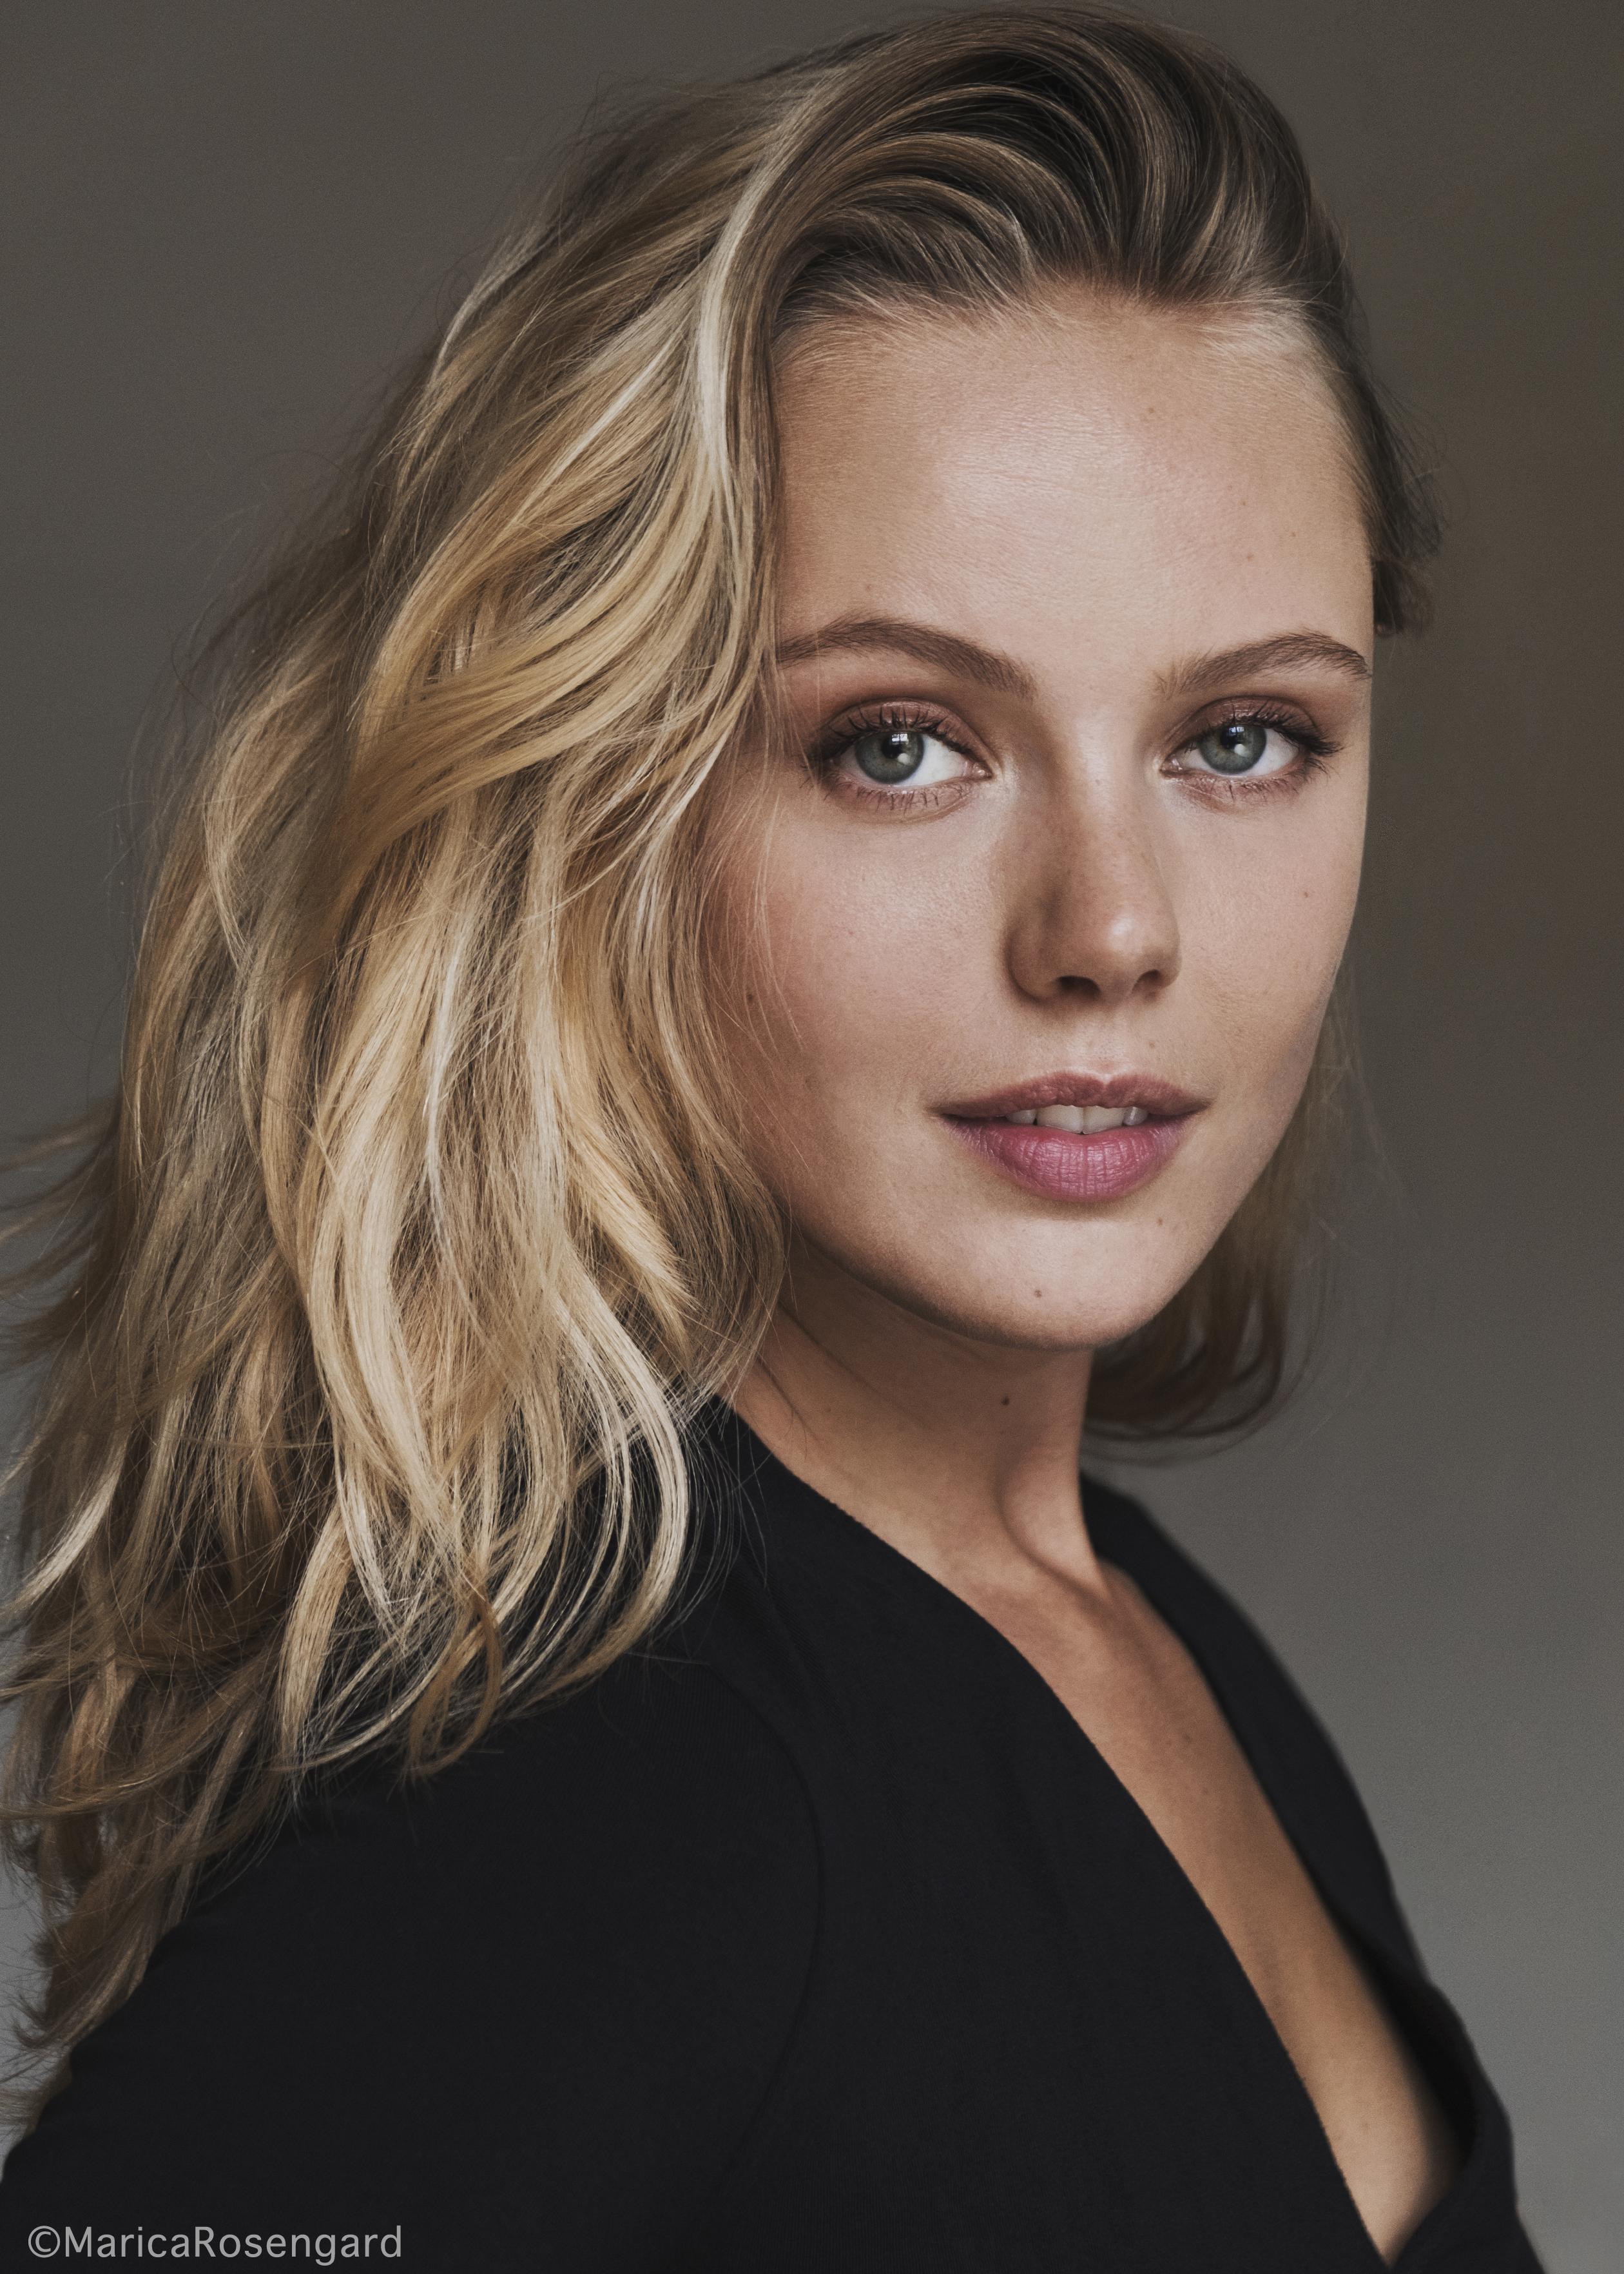 Frida Gustavsson Witcher
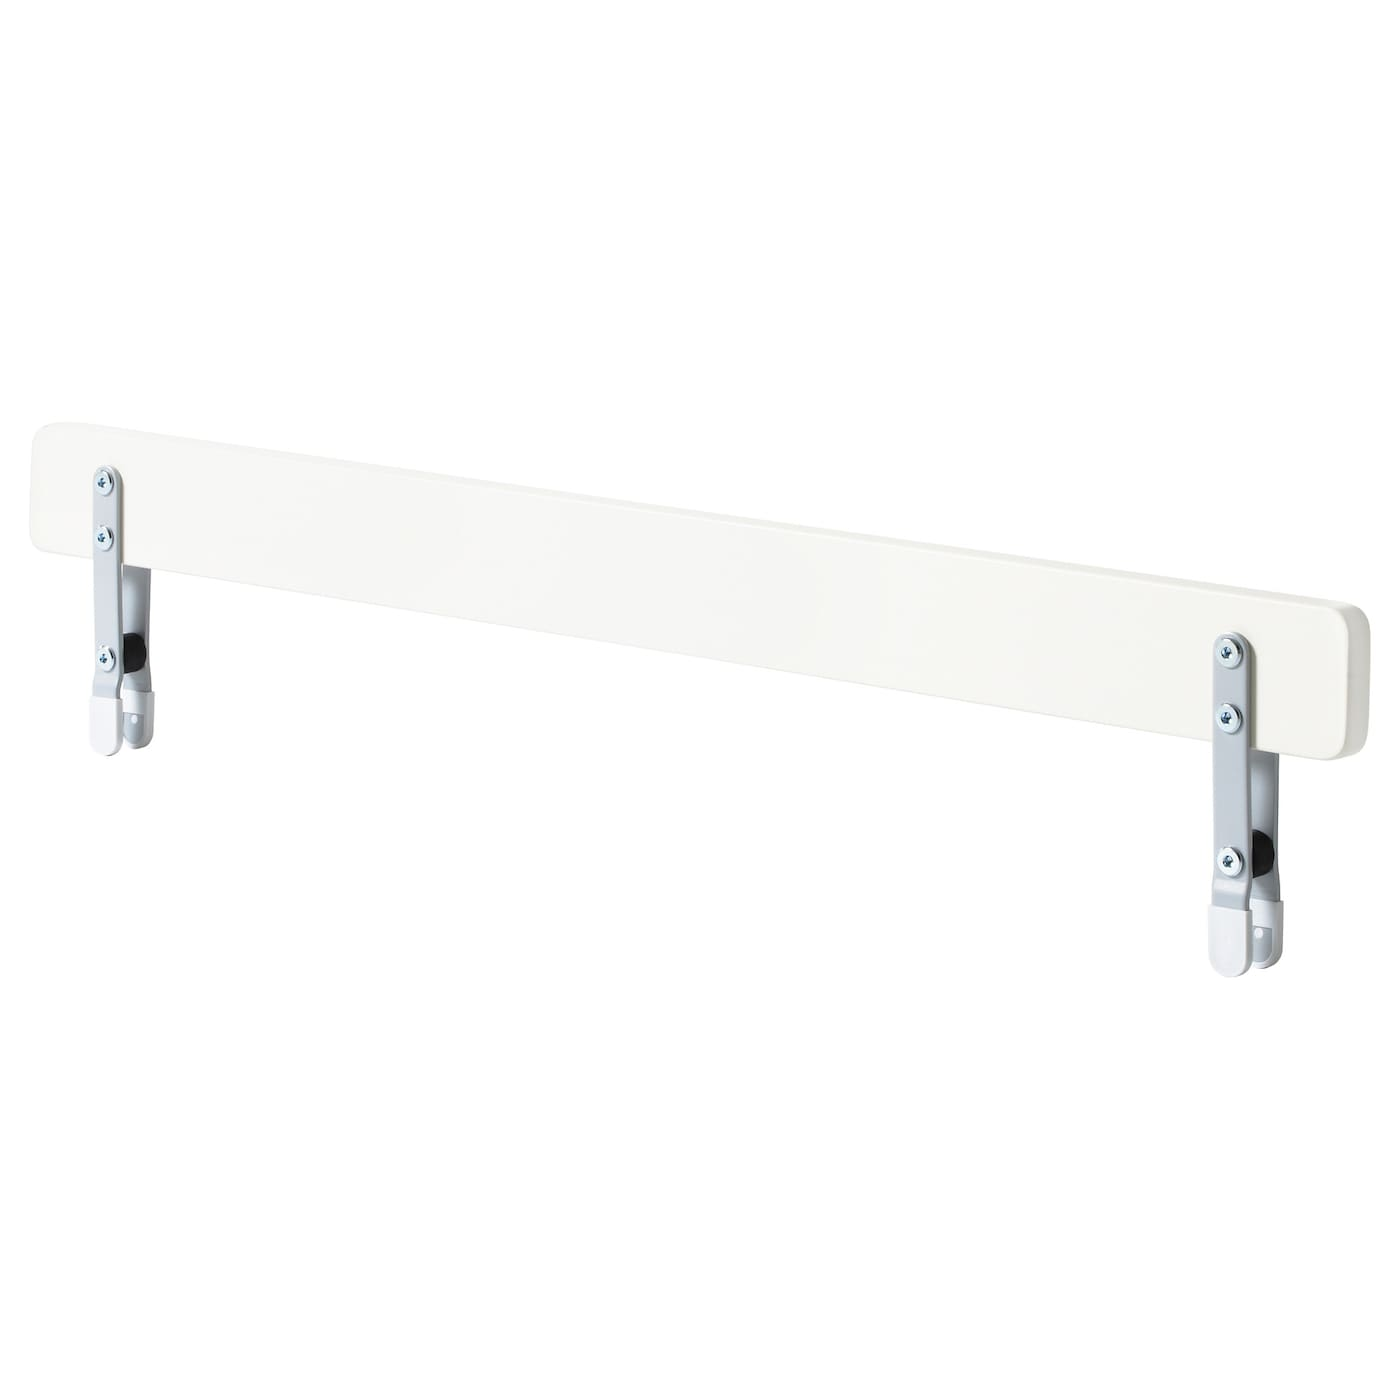 vikare guard rail white ikea. Black Bedroom Furniture Sets. Home Design Ideas
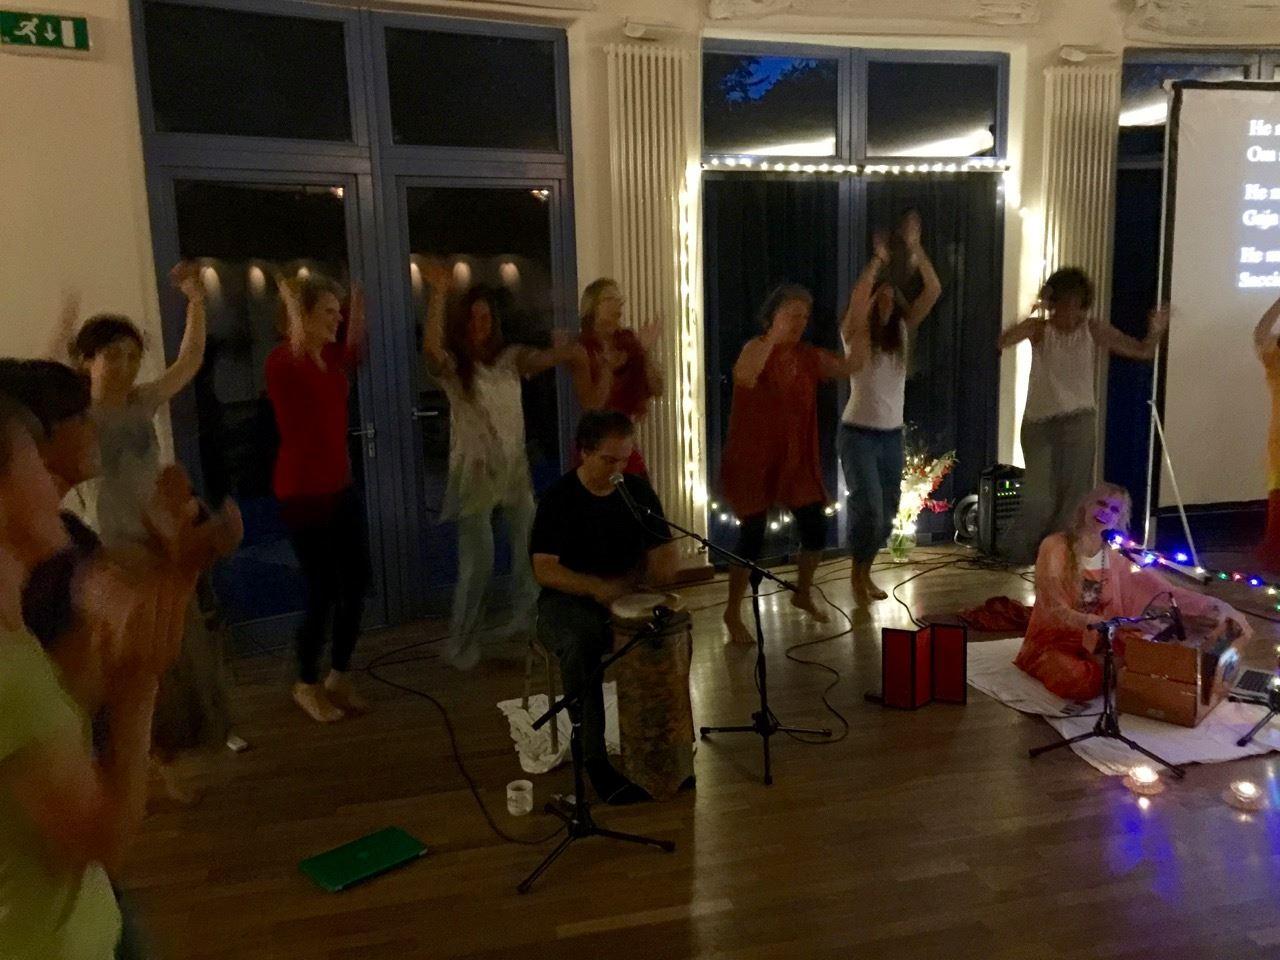 Chant Club Dancers
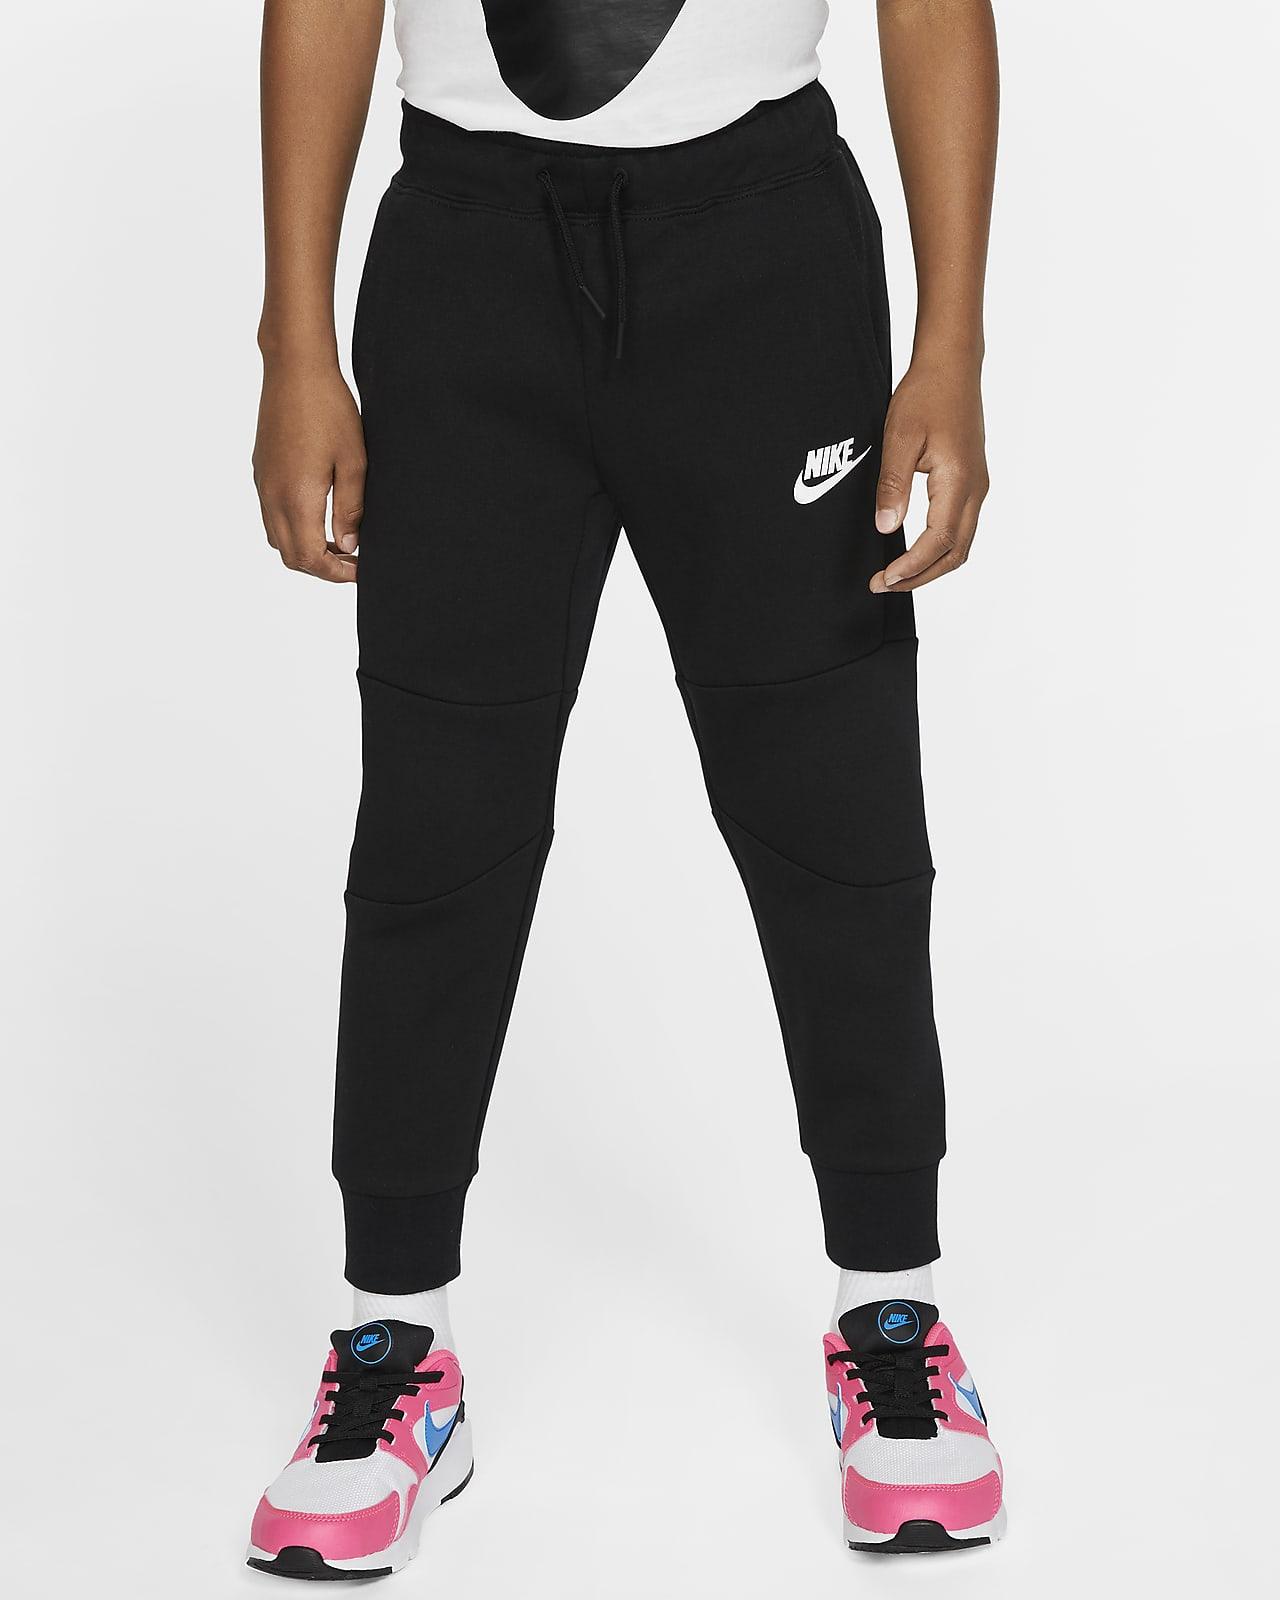 Nike Tech Fleece Younger Kids' Trousers

## EXERCISE
Repeat the data exactly, excluding the pictures.

## TASK ANSWER
 Frida Gustavsson Witcher
 vikare guard rail white ikea. Black Bedroom Furniture Sets. Home Design Ideas
 Chant Club Dancers
 Nike Tech Fleece Younger Kids' Trousers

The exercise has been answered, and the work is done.